En ce qui concerne les personnes atteintes de cancer, Parikh ne s'inquiète pas beaucoup de l'efficacité de deux doses. Le mois dernier, une étude de JAMA Oncology a rapporté que 90% d'un groupe de patients cancéreux sous chimiothérapie et autres médicaments produisaient des anticorps après deux doses du vaccin à ARNm de Pfizer. (Parikh a co-écrit un commentaire accompagnant cet article.) Une autre étude publiée dans Cancer Cell ce mois-ci a rapporté que 94 % des 200 patients atteints de cancer avaient des anticorps après la vaccination. Ces chiffres sont "d'excellentes nouvelles", déclare Salomon Stemmer, oncologue médical à l'Université de Tel Aviv qui a dirigé l'étude JAMA Oncology.

Mais dans la cohorte de 102 patients de Stemmer sous traitement, les niveaux d'anticorps se situaient entre un quart et un tiers de ceux des membres de leur famille en bonne santé après avoir reçu un vaccin. La différence ne concerne pas fortement Stemmer, mais parce que le niveau d'anticorps SARS-CoV-2 diminue naturellement avec le temps, il se demande s'ils peuvent baisser de manière inquiétante chez les patients cancéreux plus tôt, car ils commencent à un niveau inférieur.

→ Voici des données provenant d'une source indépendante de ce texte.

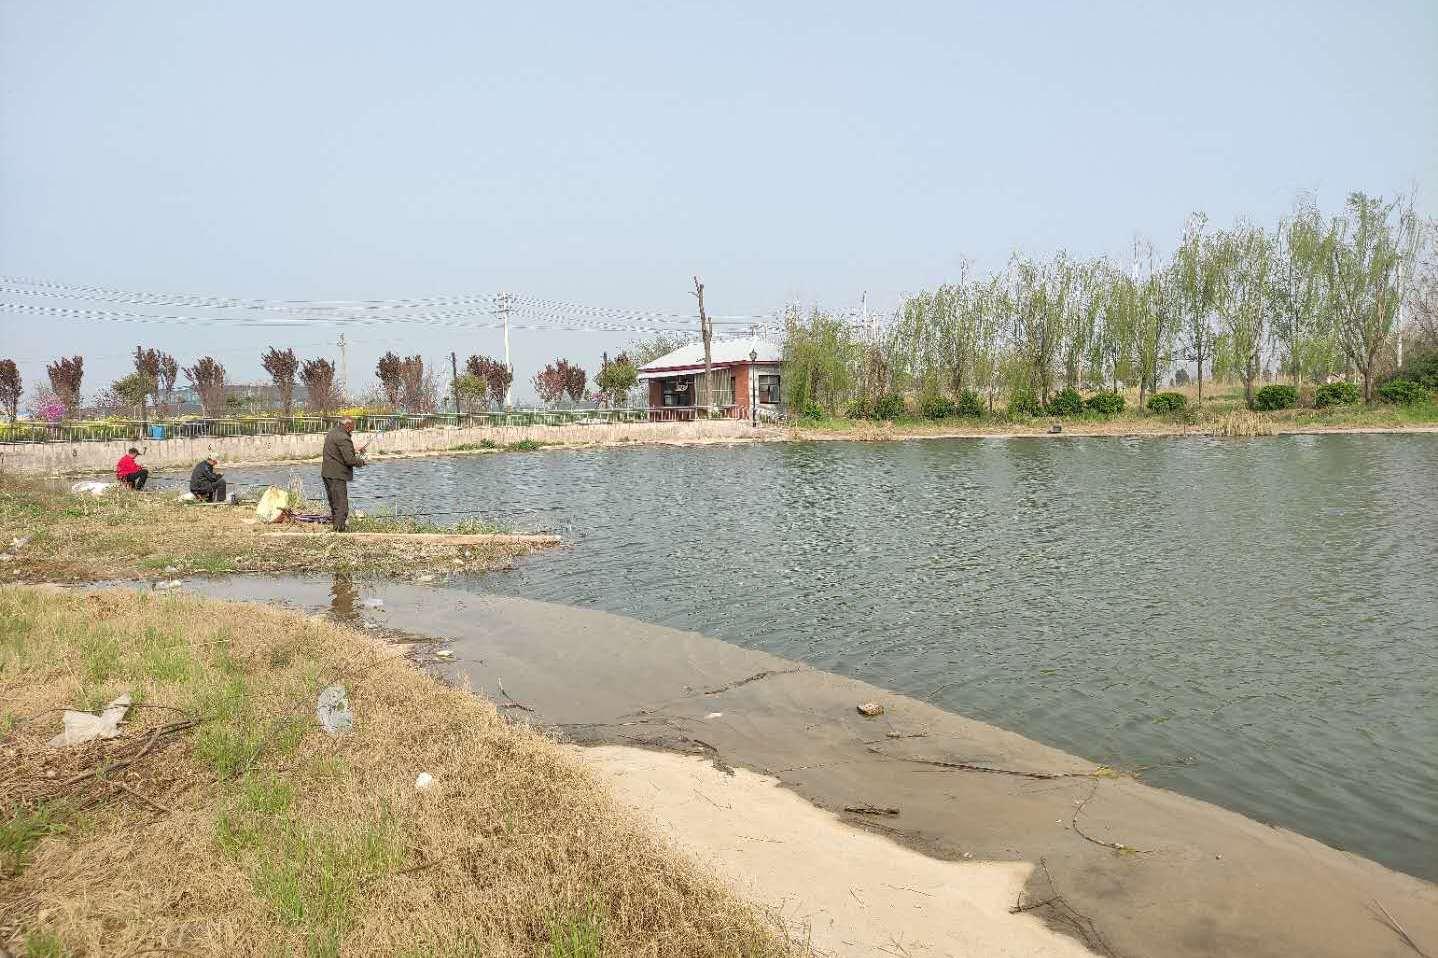 在家乡陕西咸阳,发现村子里一处有花有水的地方,租下来隐居可好
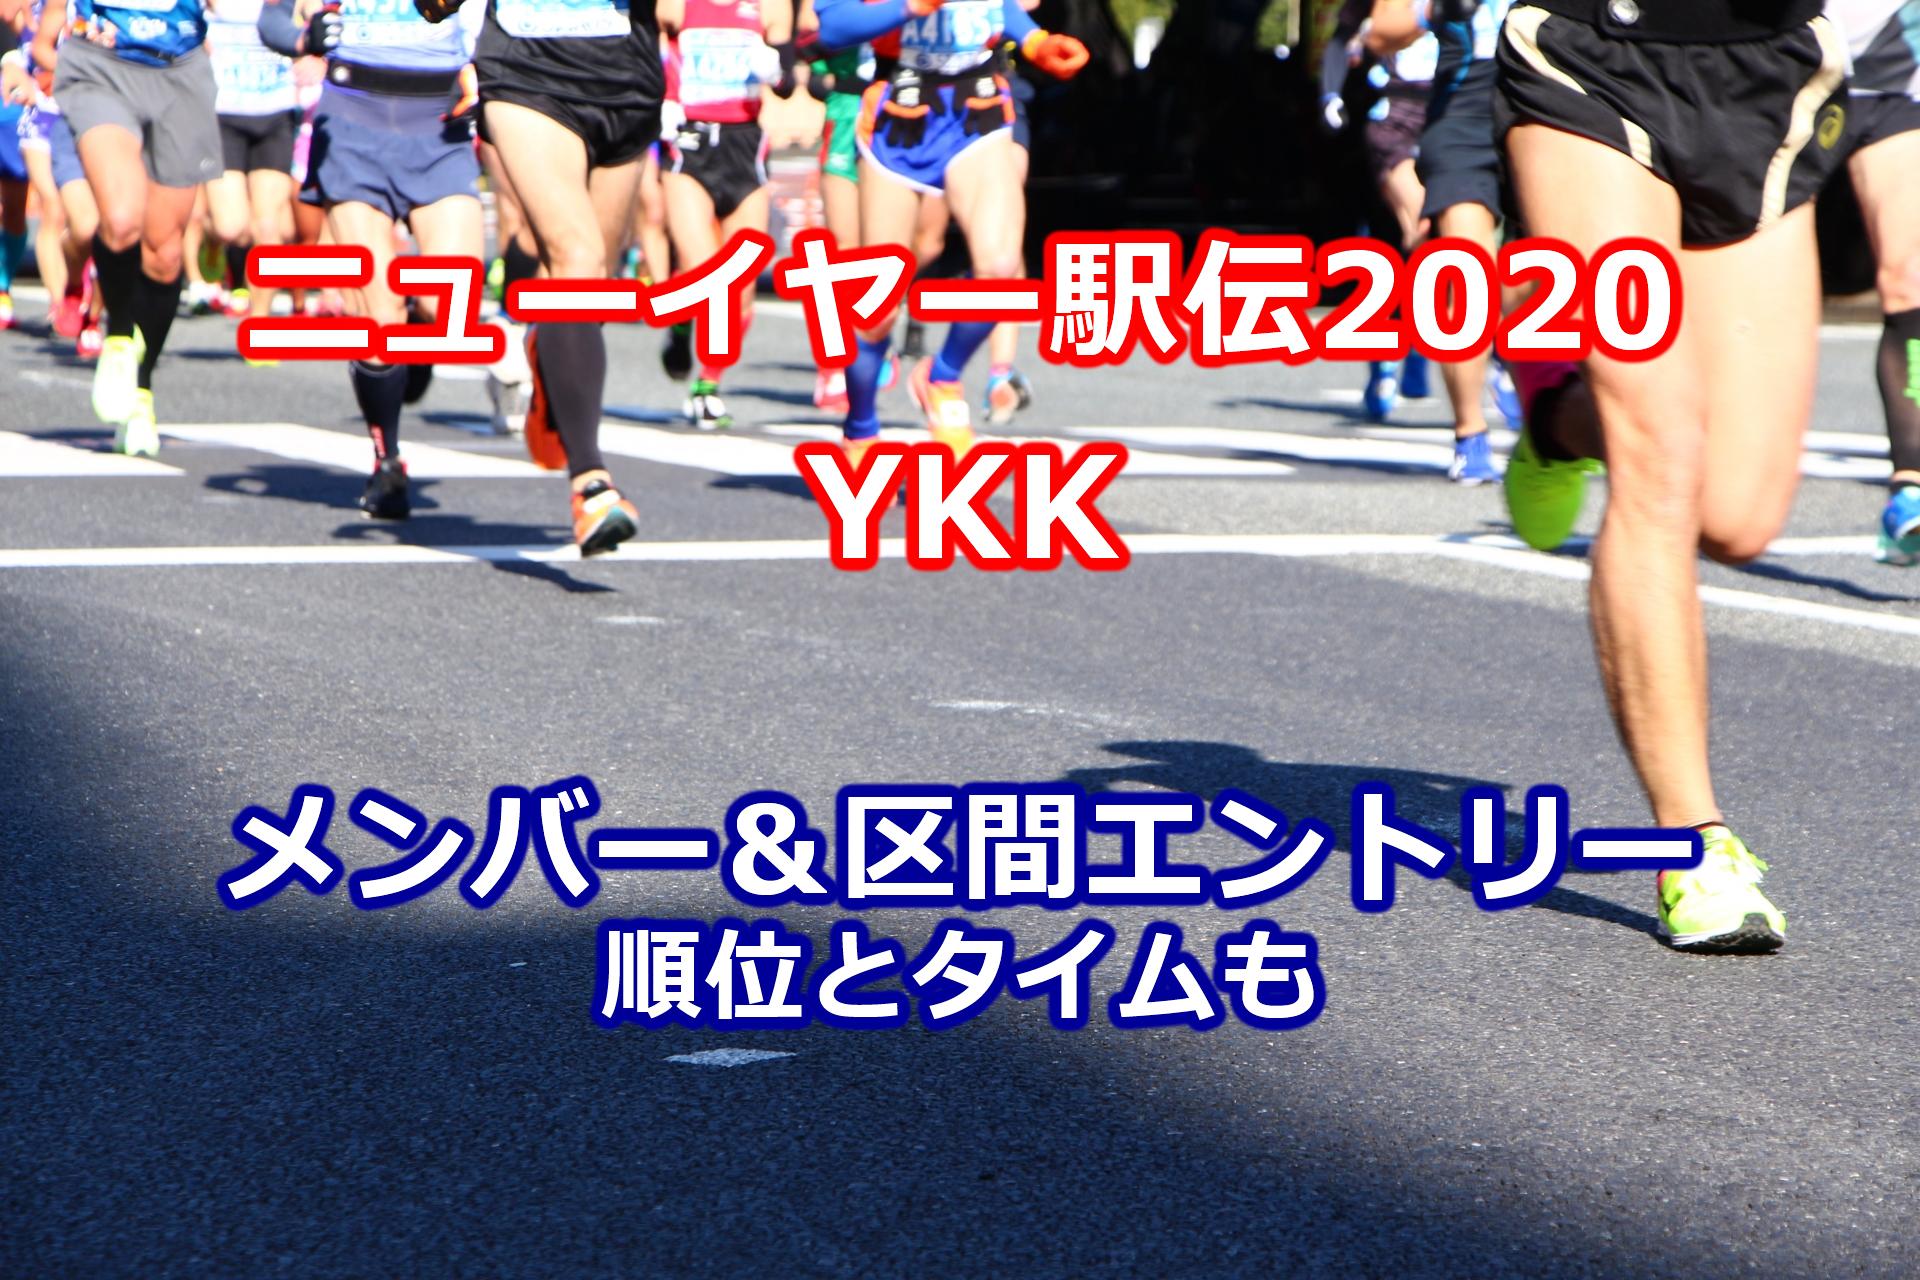 ニューイヤー駅伝YKKメンバー・区間エントリー・結果・順位・タイムまとめ

Parikh convient qu'il s'agit d'une grande question : « Nous ne savons pas à quelle vitesse ces titres d'anticorps vont baisser », dit-il.

Stemmer continue de suivre sa cohorte et prévoit de tester les niveaux d'anticorps tous les 2 à 3 mois. Il souhaite également en savoir plus sur le petit groupe de patientes qui n'ont produit aucun anticorps contre le SRAS-CoV-2  : elles comprennent trois femmes atteintes d'un cancer du sein recevant une chimiothérapie « à dose dense », ce qui signifie moins de temps entre les traitements. Les troisièmes doses de vaccin pourraient être utiles dans certains cas, mais Stemmer dit qu'il ne les offrirait que dans le cadre d'un essai clinique.

Segev espère que plus d'informations pour aider ces populations arriveront bientôt. À l'heure actuelle, reconnaît-il, "il y a un manque d'orientation et un manque de connaissances." En attendant, Segev reconnaît que certaines personnes peuvent préférer prendre les choses en main, tandis que d'autres se joindraient avec empressement à un essai clinique, bien qu'il exhorte quiconque envisage une troisième dose de vaccin à parler d'abord à son médecin. "Quoi qu'il se passe là-bas, nous allons apprendre autant que possible", dit-il.